:: Records provided ::

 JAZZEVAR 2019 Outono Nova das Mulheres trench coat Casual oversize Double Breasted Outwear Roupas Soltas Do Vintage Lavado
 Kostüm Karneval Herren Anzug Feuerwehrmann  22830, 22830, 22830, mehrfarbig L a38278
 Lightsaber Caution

:::
:: Records provided ::

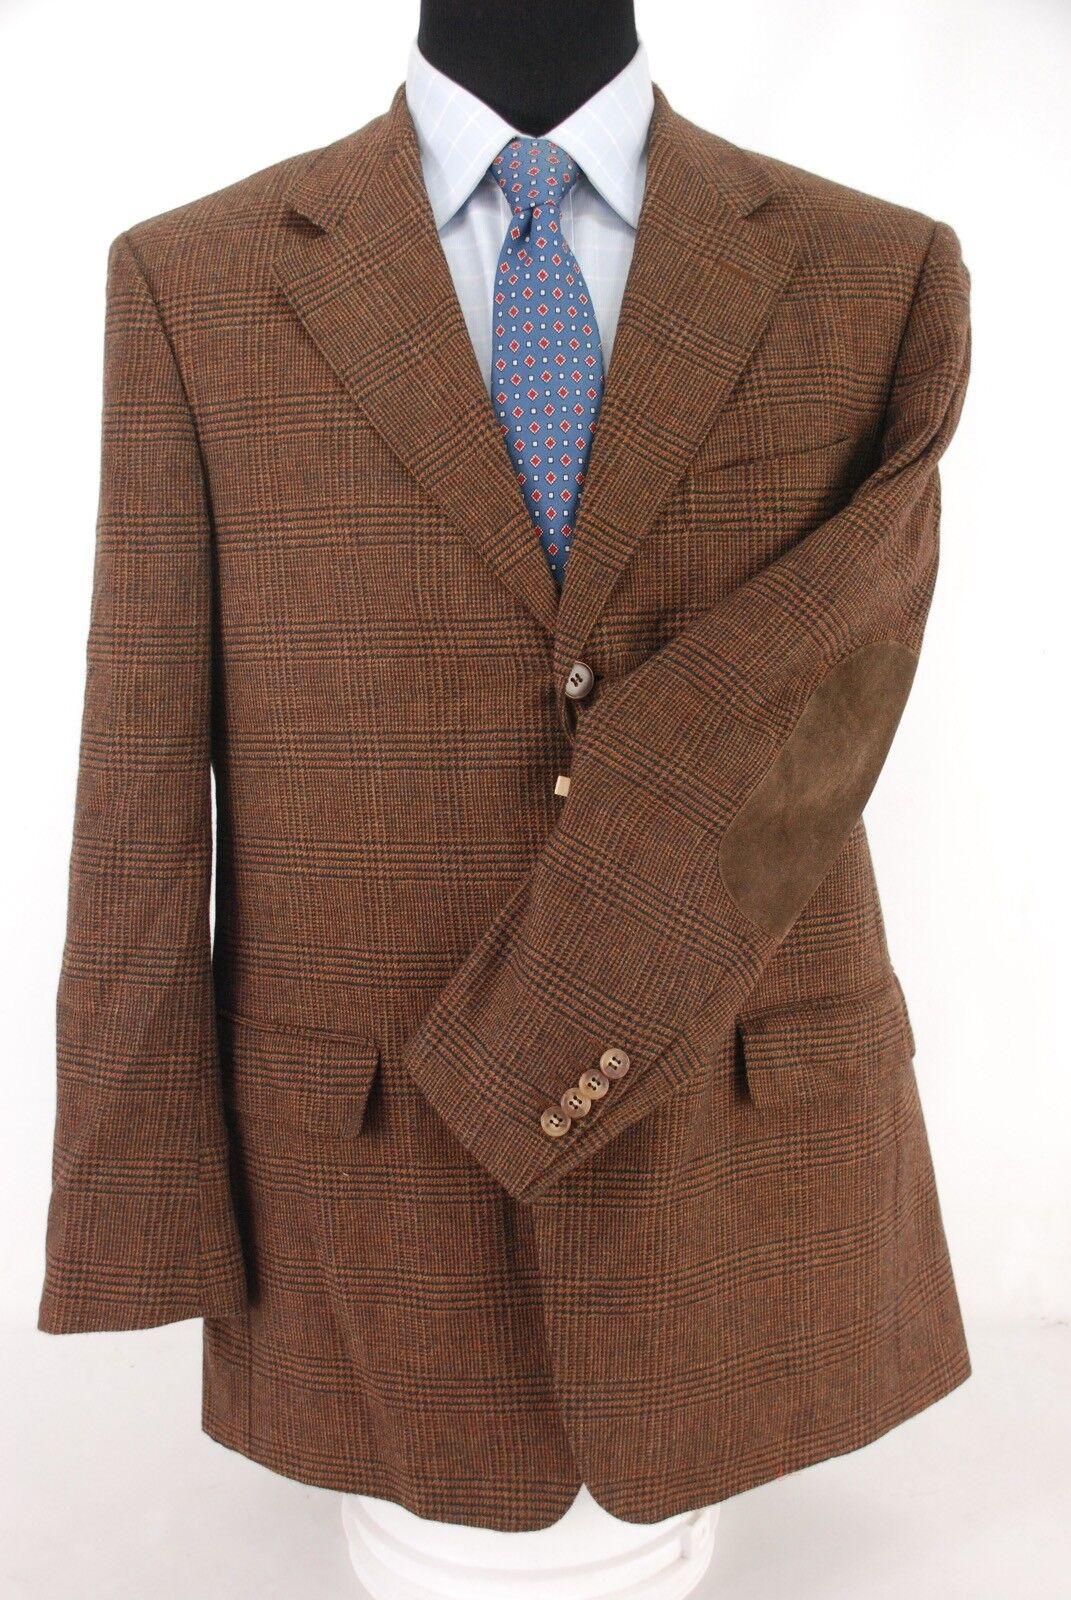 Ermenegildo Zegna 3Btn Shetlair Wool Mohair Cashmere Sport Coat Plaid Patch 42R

:::
:: Records provided ::

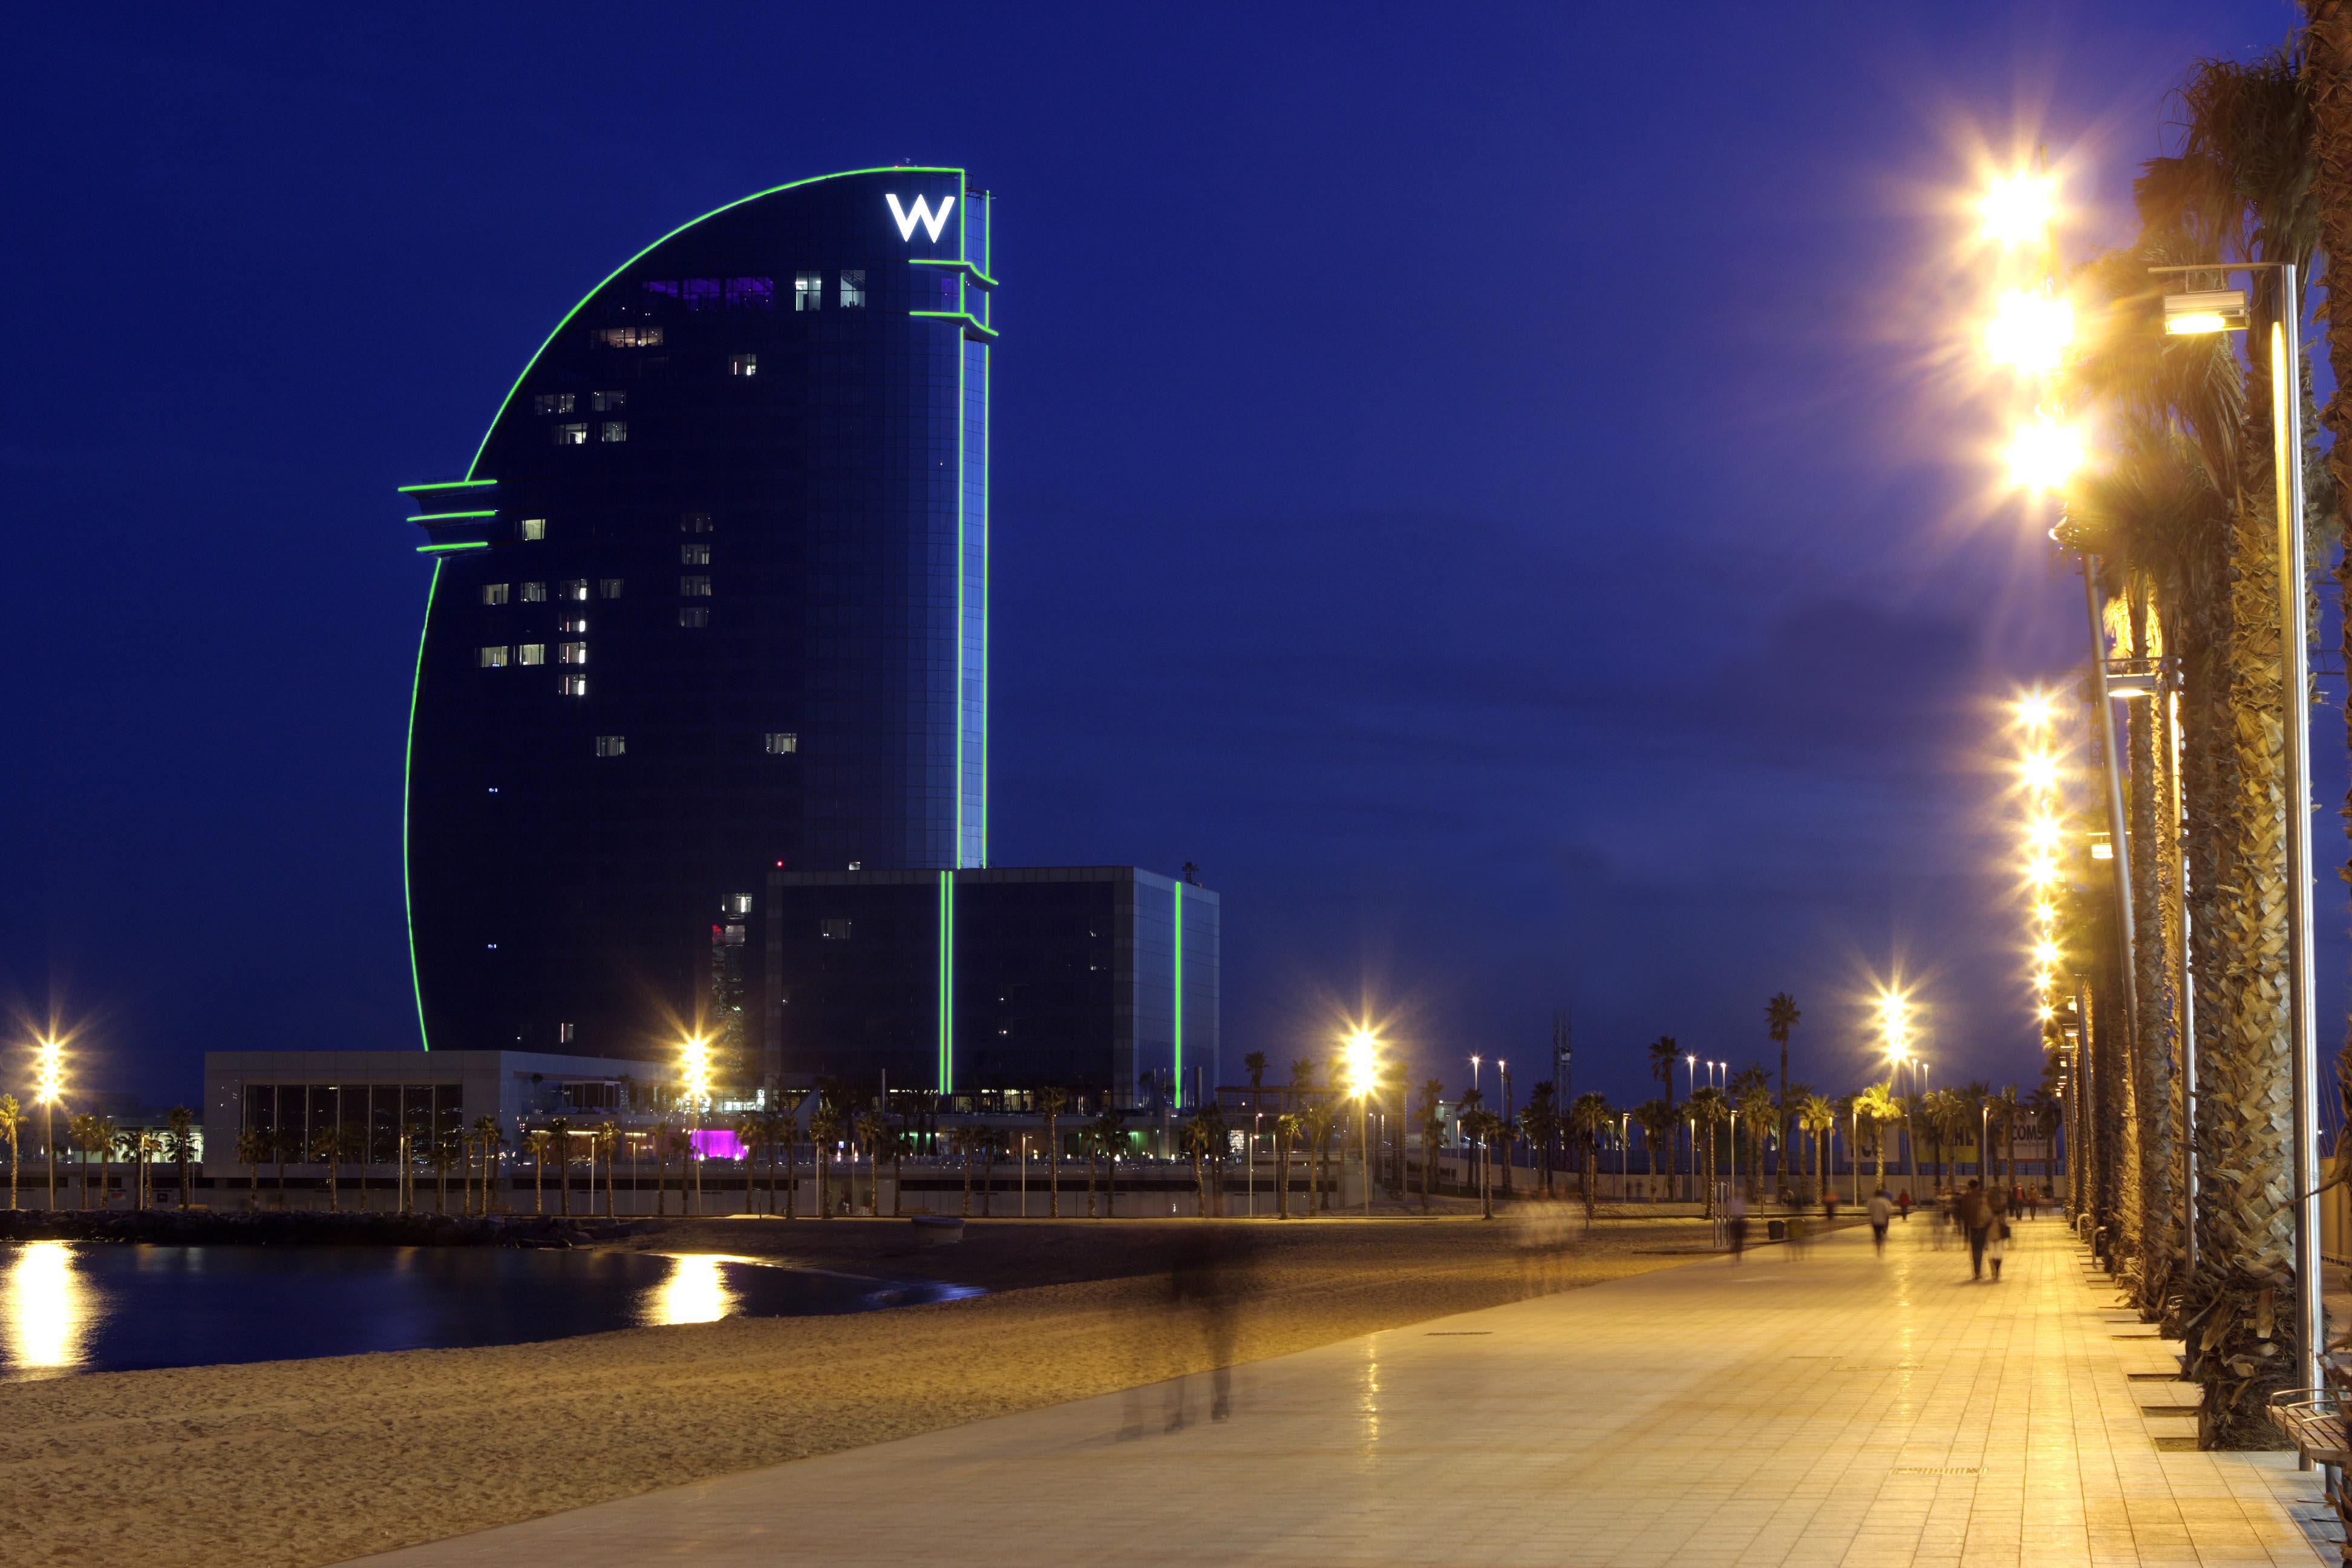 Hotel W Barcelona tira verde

:::

**Task requirements**
Please give an exact copy of the lines above, beginning with the line containing "JAZZEVAR 2019 Outono" and running through the line containing "Lightsaber Caution", and of no other lines.

**Exercise answer**
 JAZZEVAR 2019 Outono Nova das Mulheres trench coat Casual oversize Double Breasted Outwear Roupas Soltas Do Vintage Lavado
 Kostüm Karneval Herren Anzug Feuerwehrmann  22830, 22830, 22830, mehrfarbig L a38278
 Lightsaber Caution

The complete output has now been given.